[Aim of the exercise] Begin your copy at the line with "Zapato salón básico" in the records below and end it at the line with "Ragam Rasa di", restating each line word for word; omit the pictures.

[Data for this exercise]
---------------
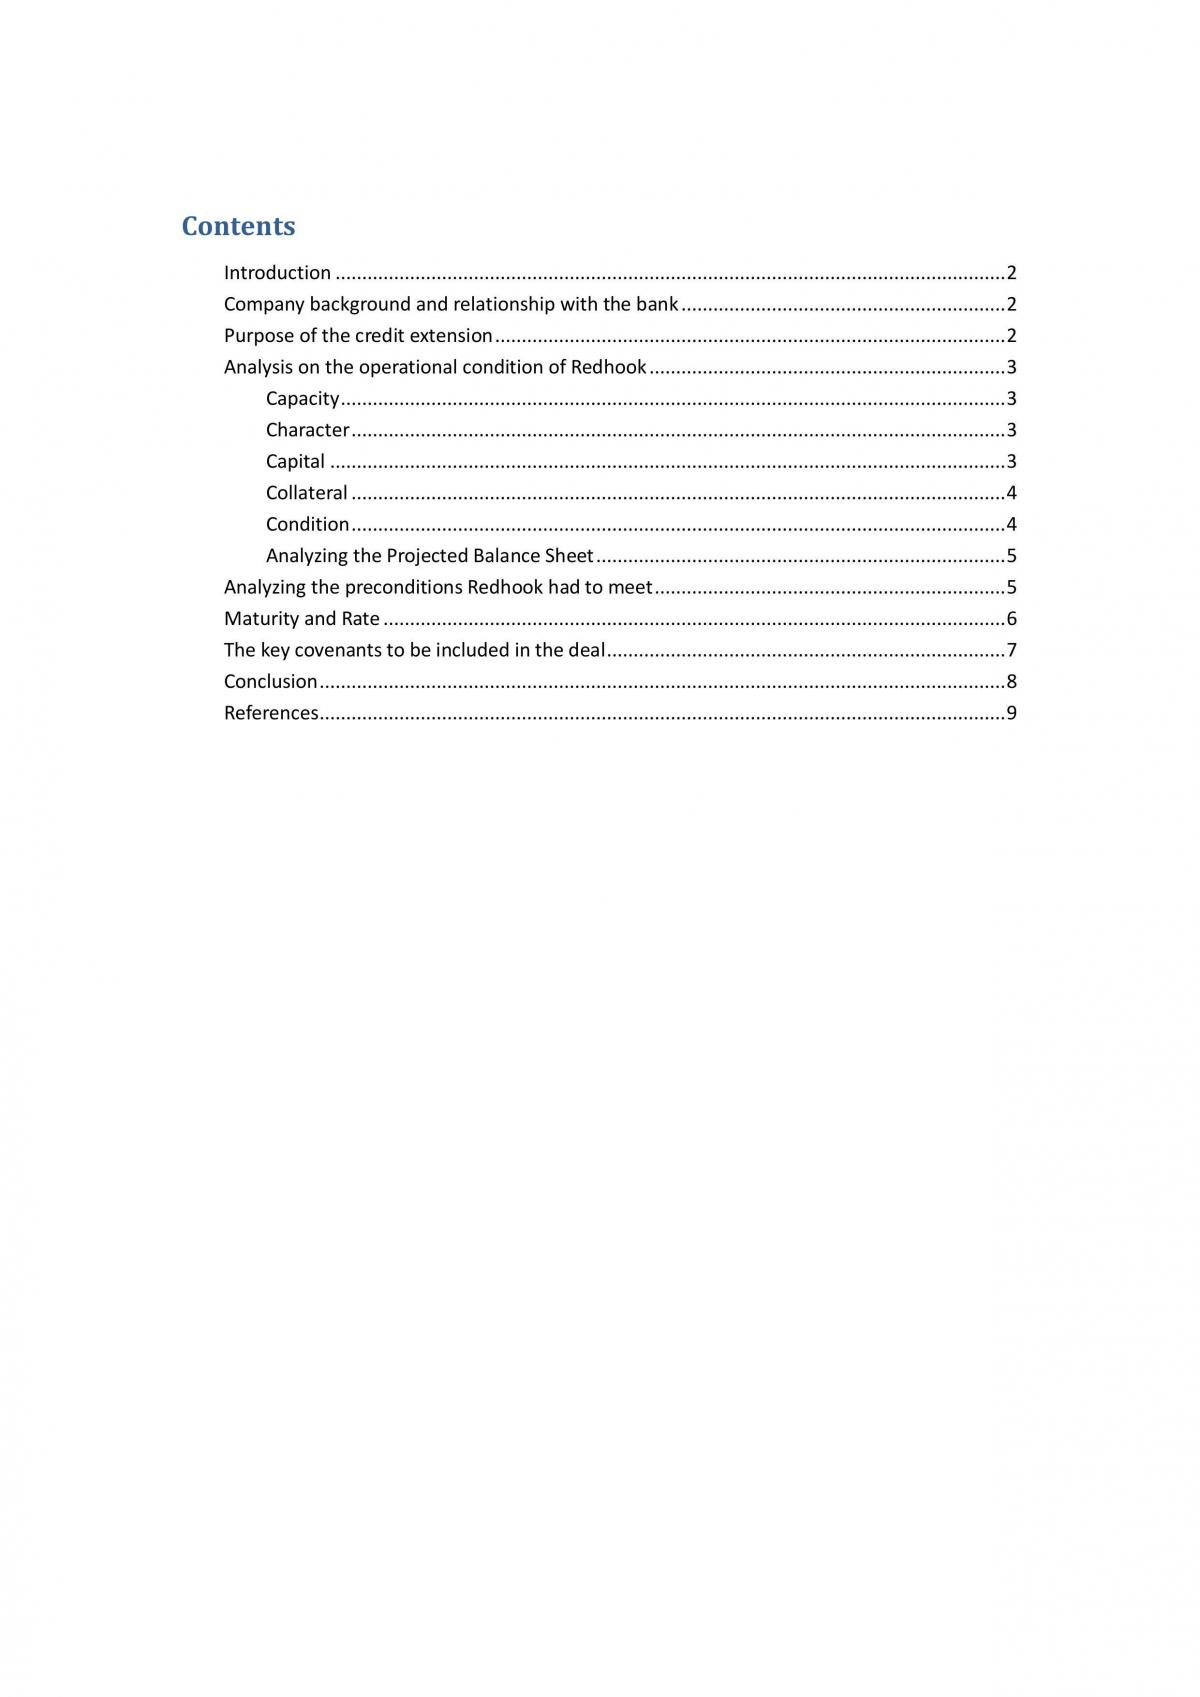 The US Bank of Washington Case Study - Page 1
---------------
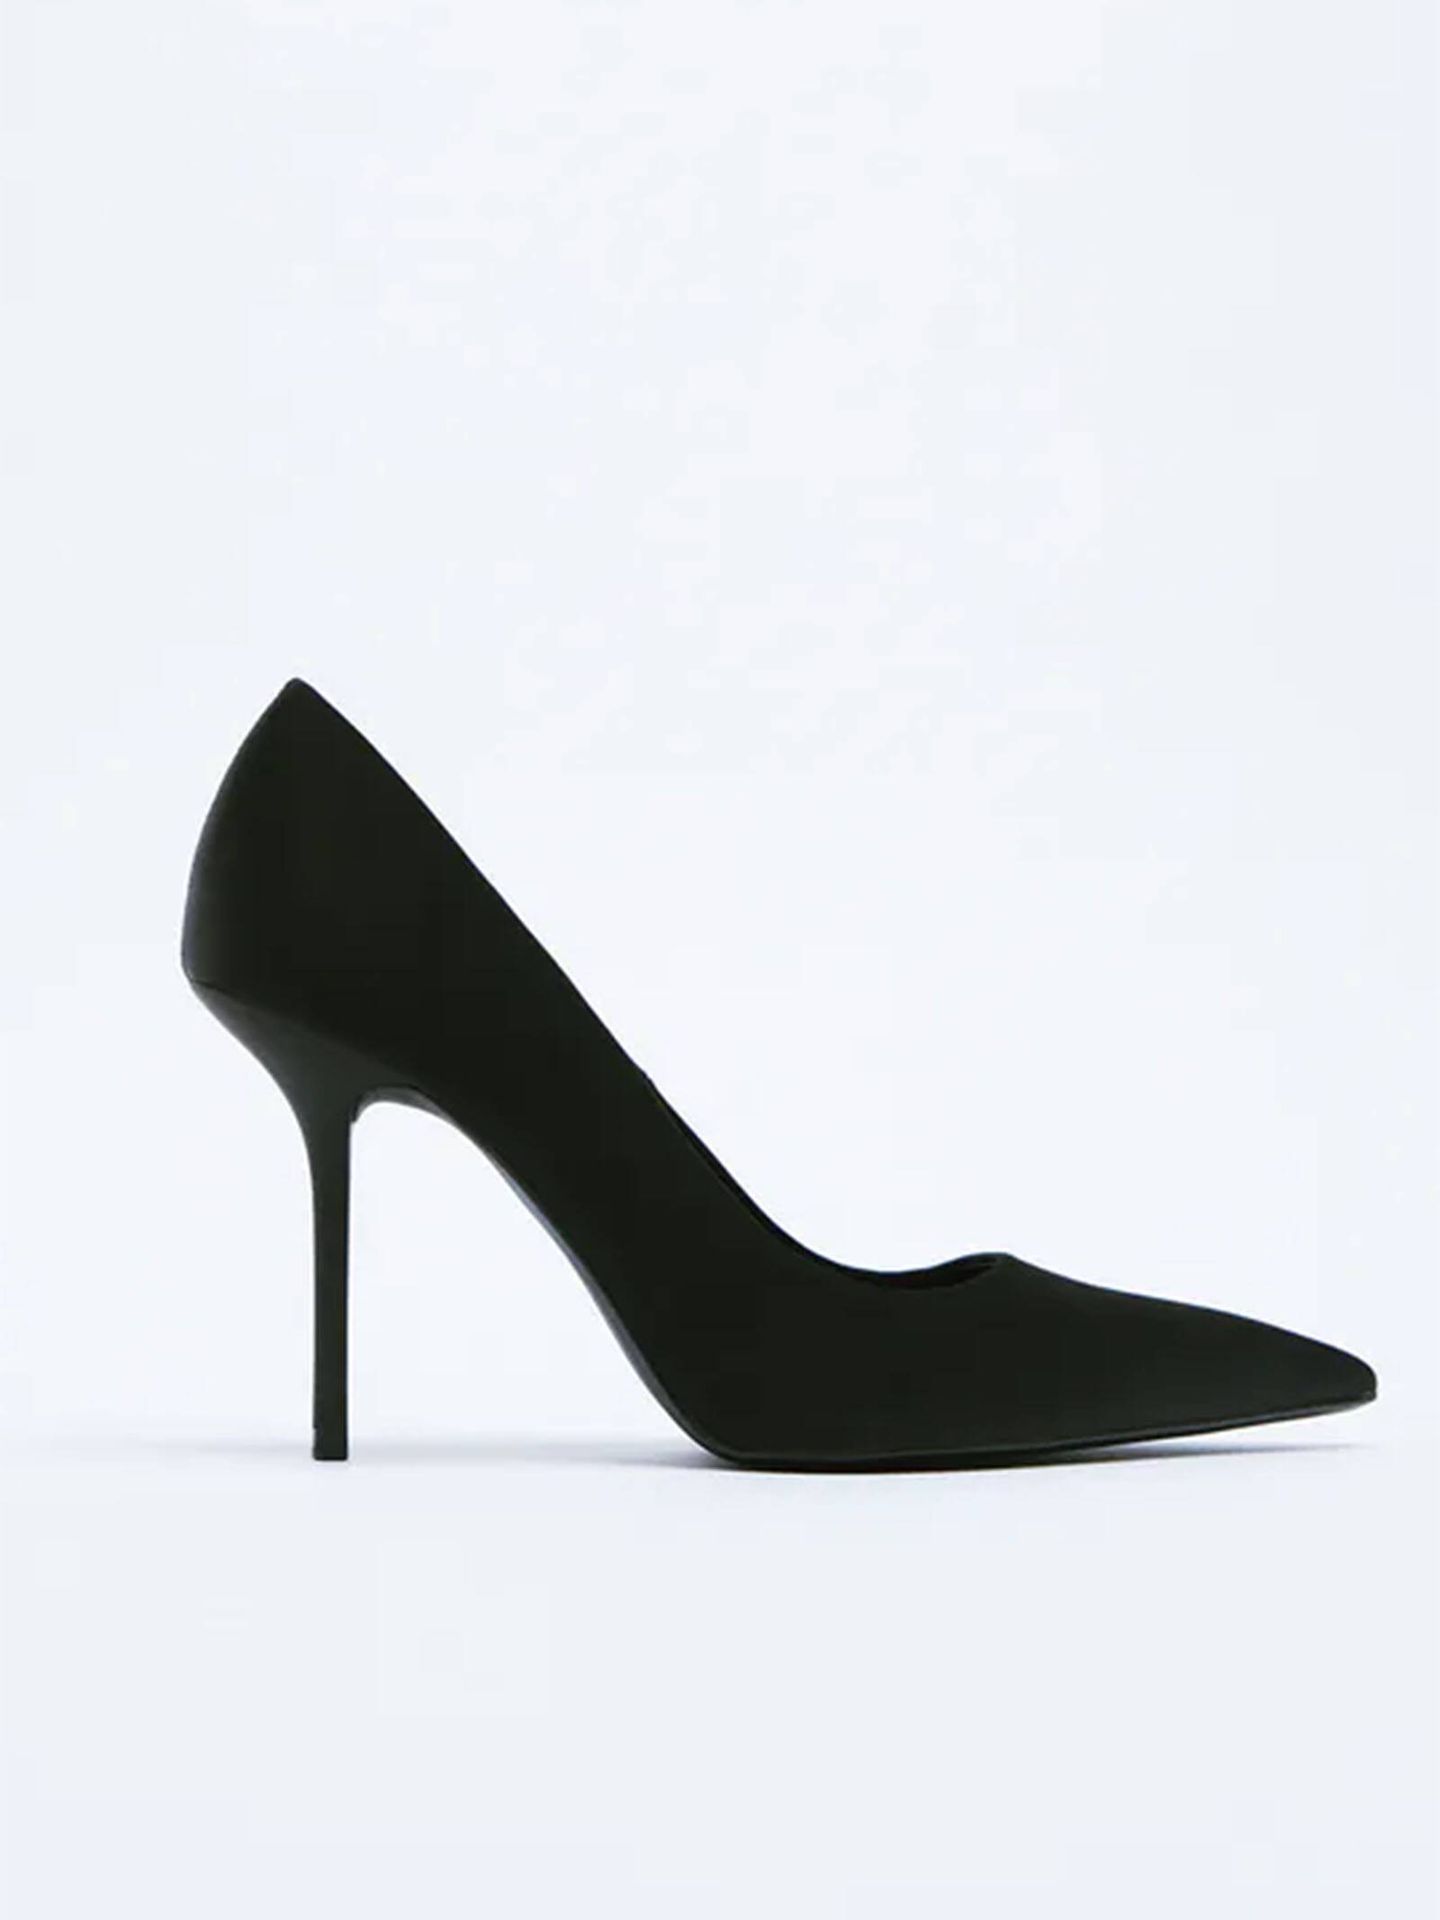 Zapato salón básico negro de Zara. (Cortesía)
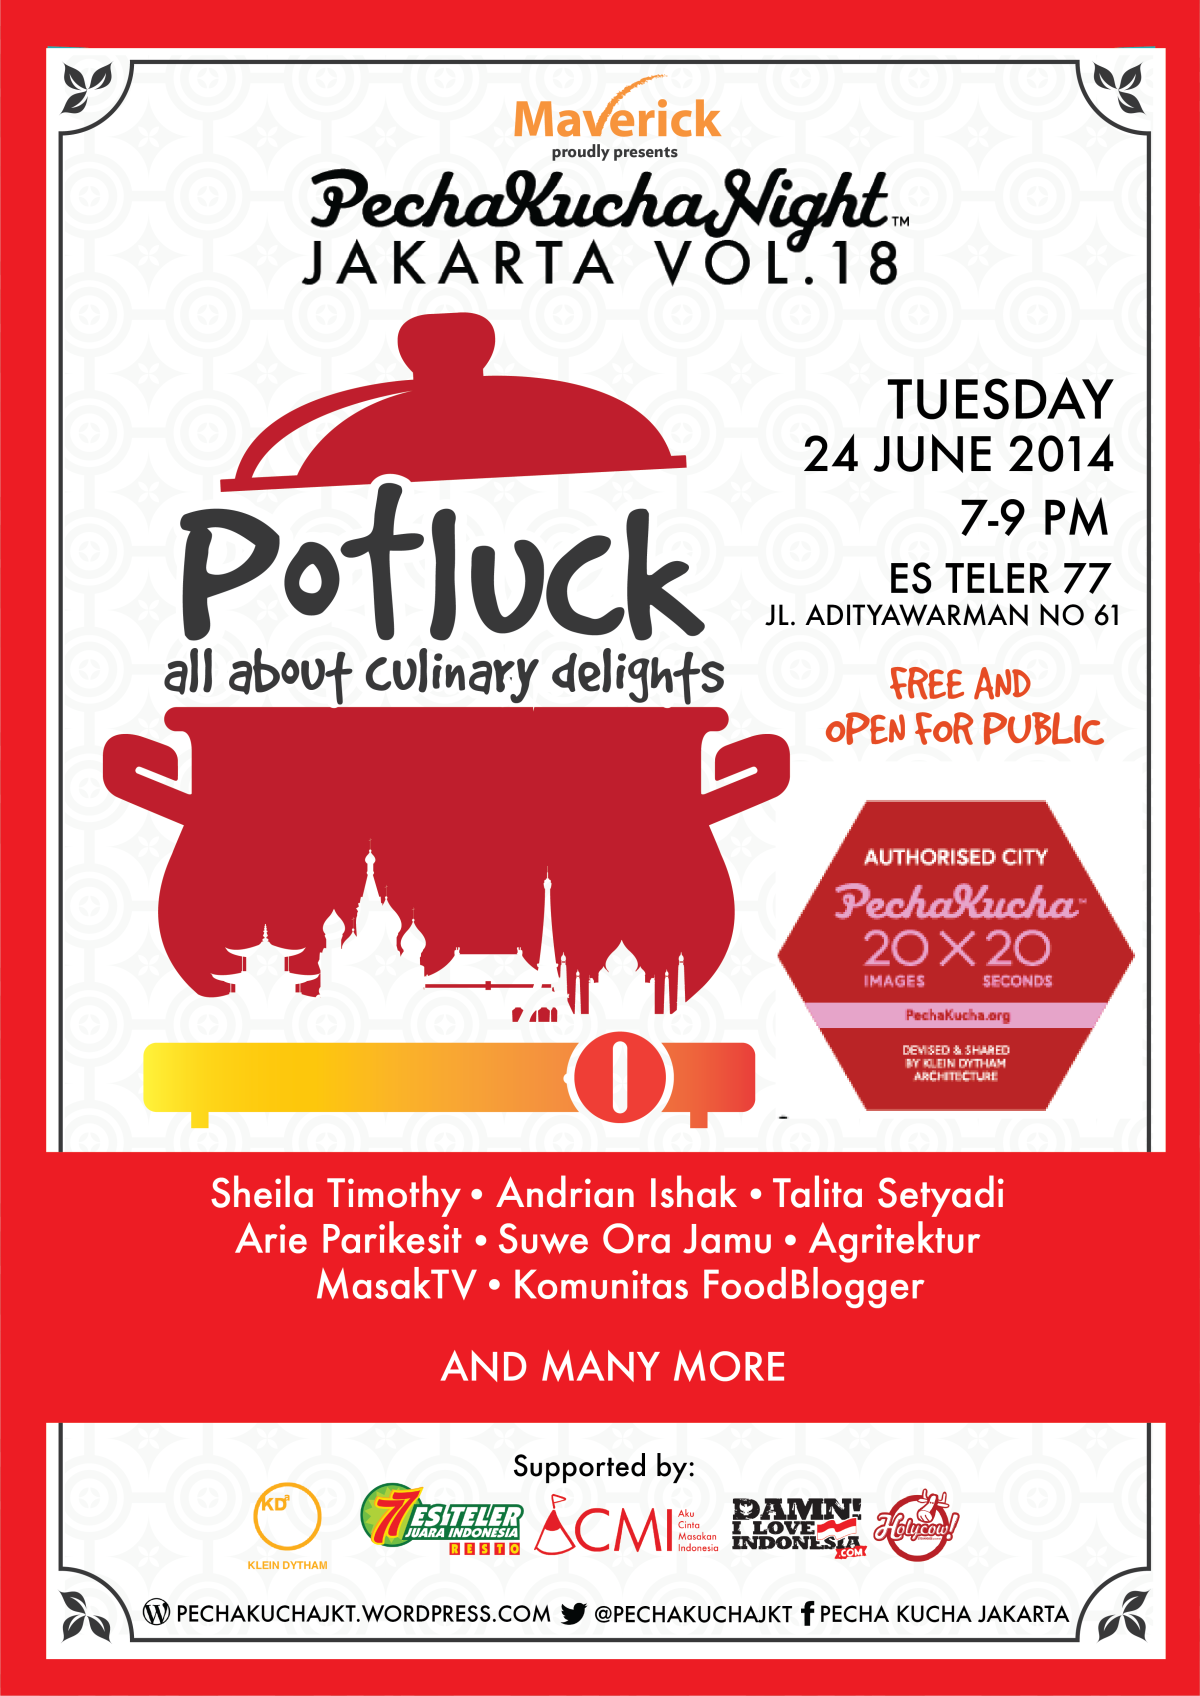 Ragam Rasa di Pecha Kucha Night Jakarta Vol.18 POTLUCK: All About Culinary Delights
---------------
[Problem solution]
 Zapato salón básico negro de Zara. (Cortesía)
 Ragam Rasa di Pecha Kucha Night Jakarta Vol.18 POTLUCK: All About Culinary Delights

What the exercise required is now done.